China files WTO complaint over ‘discriminatory’ US subsidy scheme

China has escalated its confrontation with the United States over electric vehicle (EV) subsidies by filing a complaint with the World Trade Organization (WTO).

Beijing deems the practices under the US Inflation Reduction Act (IRA) “discriminatory”. It feels targeted in particular and believes they are a form of unfair competition in the changing automotive market.

Joe Biden’s IRA provision offers substantial tax credits for EVs, but only if assembled in the US or a country with which it has agreed upon a free-trade agreement – like Japan – and if their batteries use components and critical minerals sourced from the same regions.

China pugilist, EU diplomat

The policy has significantly disadvantaged Chinese electric cars in the US market, sparking Beijing’s claim that it distorts fair competition and disrupts the global supply chain, violating WTO rules.

The Chinese Ministry of Commerce’s criticism of “discriminatory subsidies” asserts that US law unfairly targets Chinese EV manufacturers and suppliers by excluding them from tax credits due to their origins. This is a strategic effort by China to challenge what it perceives as protectionist measures by the US.

The European Union isn’t a free-trade partner of the US and suffers from the same constraints and subsidy scheme exclusions. But instead of protesting, EU officials have sought negotiations for exemptions rather than filing a WTO complaint. Though these talks aimed for a swift agreement from the start, they have been ongoing for over a year and continue to this date.
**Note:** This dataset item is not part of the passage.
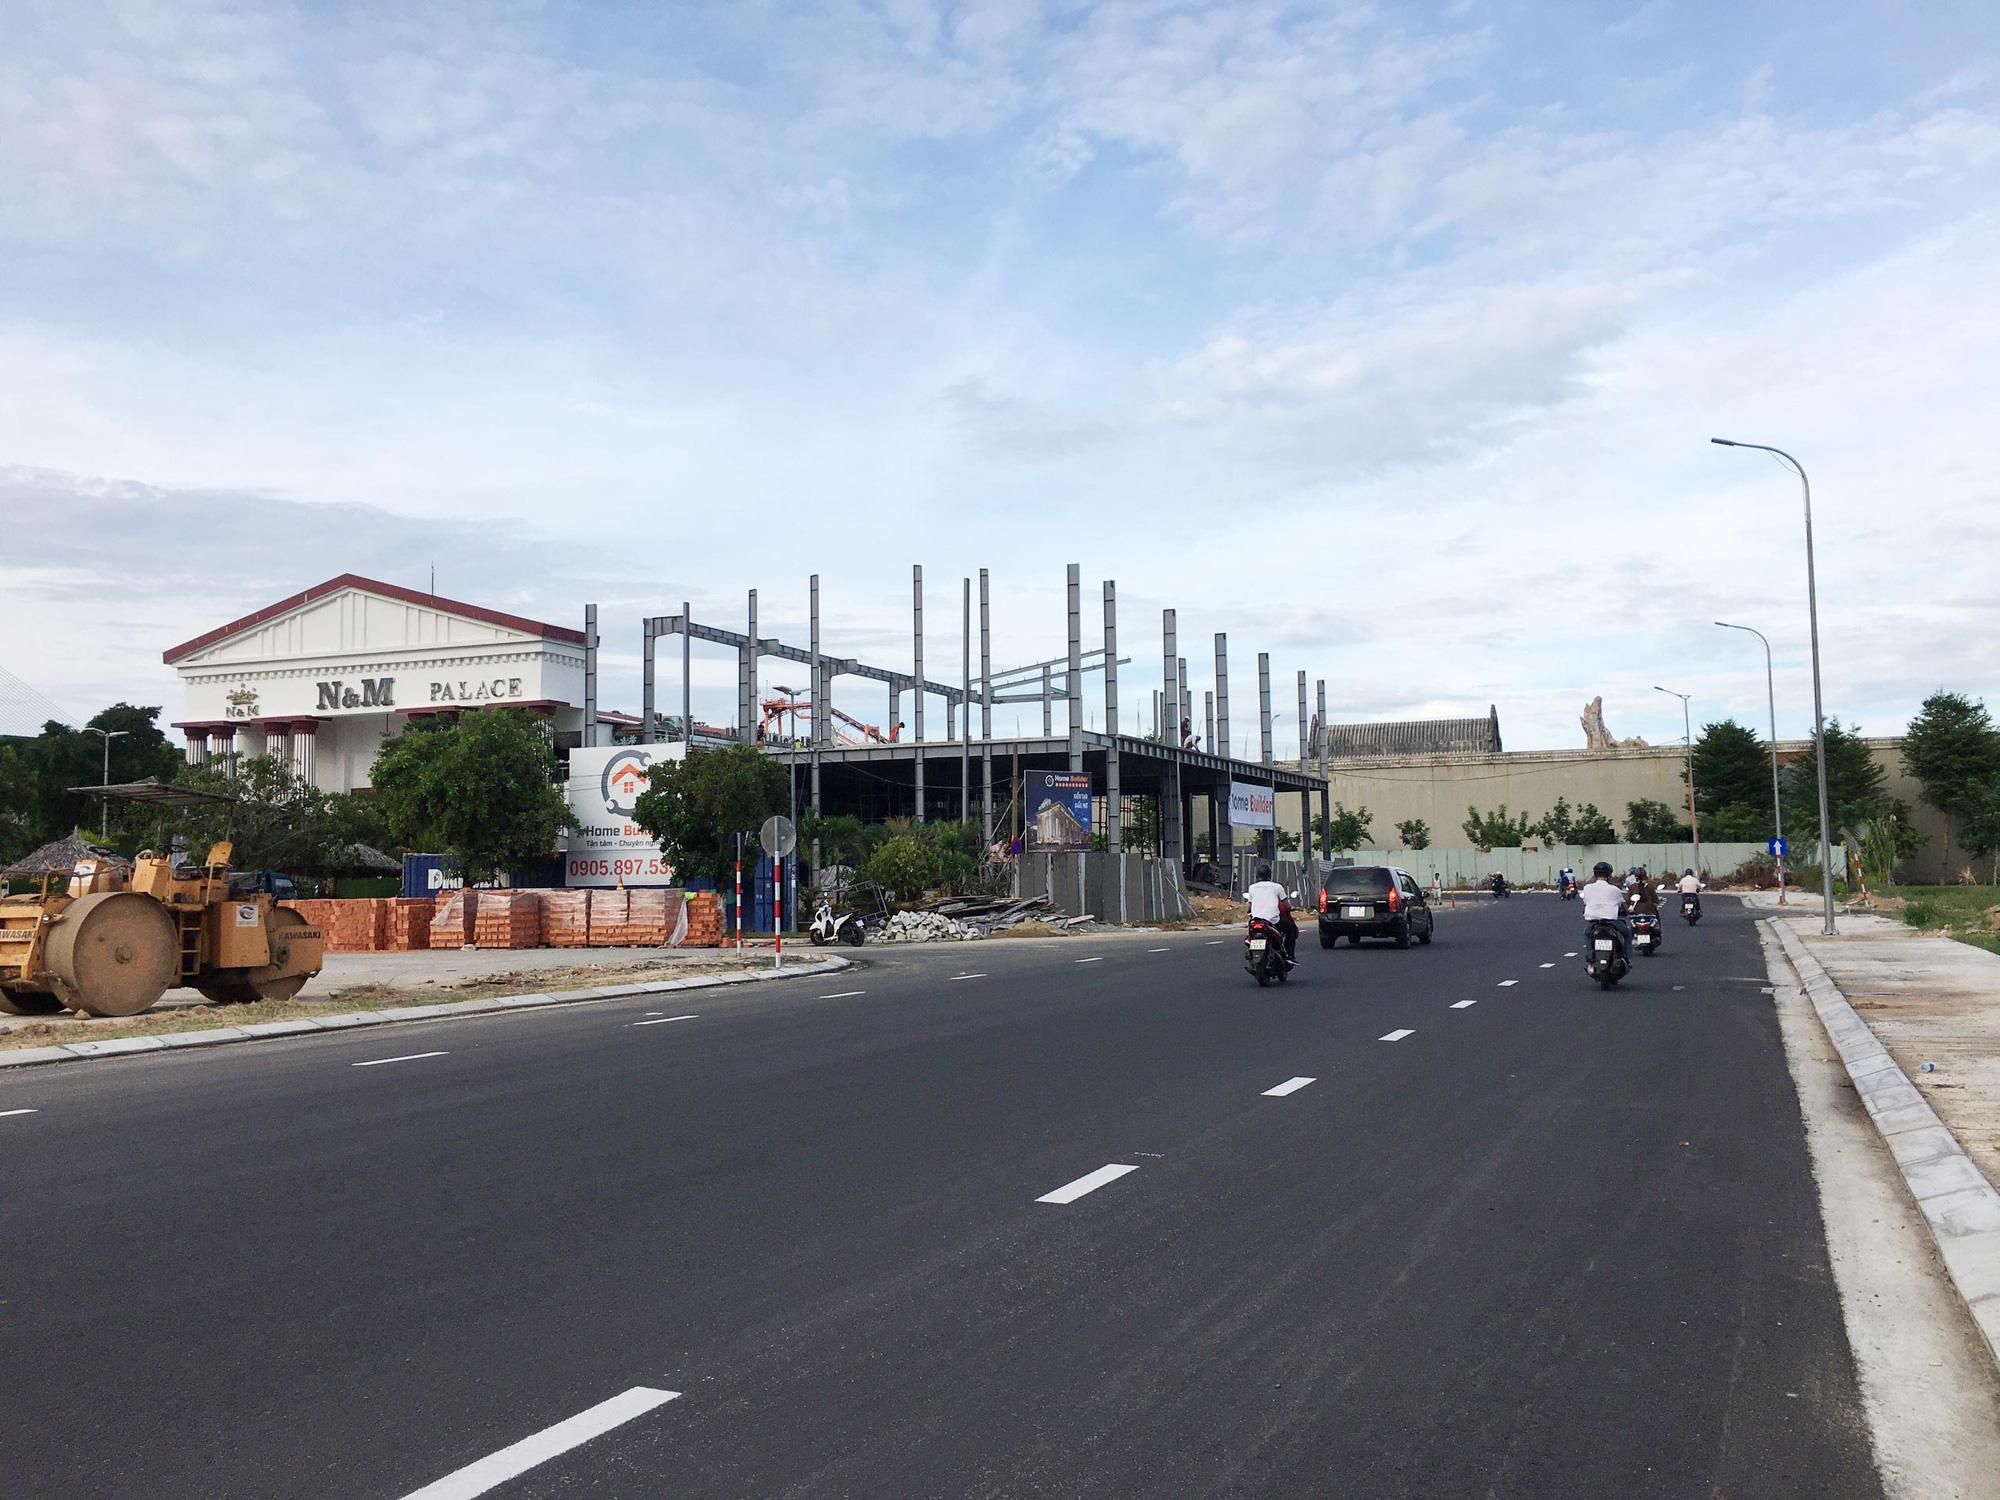 Cầu vượt đường 2 tháng 9 Đà Nẵng thành hình sau 15 tháng thi công - Ảnh 12.

‘Foreign Entity of Concern’

One pillar of this US policy is the definition of a “Foreign Entity of Concern” (FEOC), which targets entities under Chinese, Russian, North Korean, or Iranian governmental control or influence. The term was defined and agreed upon only in December last year.

After this unison in the American government, EVs containing battery components produced by these FEOCs – mainly China – have ceased to qualify for total US subsidies starting this year.

It further tightens from 2025 to exclude critical minerals mined, processed, or recycled by FEOCs. Only a few non-traceable materials, such as salts, binders, and additives, will be allowed.

This regulation impacts not only successful Chinese automakers, like Polestar, but also national automakers like Ford, known to have had to adjust its battery factory plans involving Chinese battery giant CATL to comply with the IRA. As China accounts for more than 50% of the worldwide lithium-ion battery cell production, basically every car manufacturer has a link with this “FEOC”.

Protectionist Chinese joint ventures

In response, American authorities have claimed that the IRA aims solely at “decarbonizing the US” and equally puts accusations on China’s part, as reported by Bloomberg. Beijing required foreign firms to form joint ventures with local companies to operate within its borders.

This policy has been instrumental in transferring knowledge and technology, especially in the automotive sector. Additionally, China’s subsidies to its manufacturers and a now-abolished whitelist for battery suppliers favoring Chinese companies have been points of contention.

The WTO’s dispute resolution process now faces the task of solving this complex case. WTO rulings on trade disputes are supposed to conclude in six months but often take longer. Europe has asserted China’s arguments concerning the IRA’s competition curbing, but the former prefers not to start a legal battle.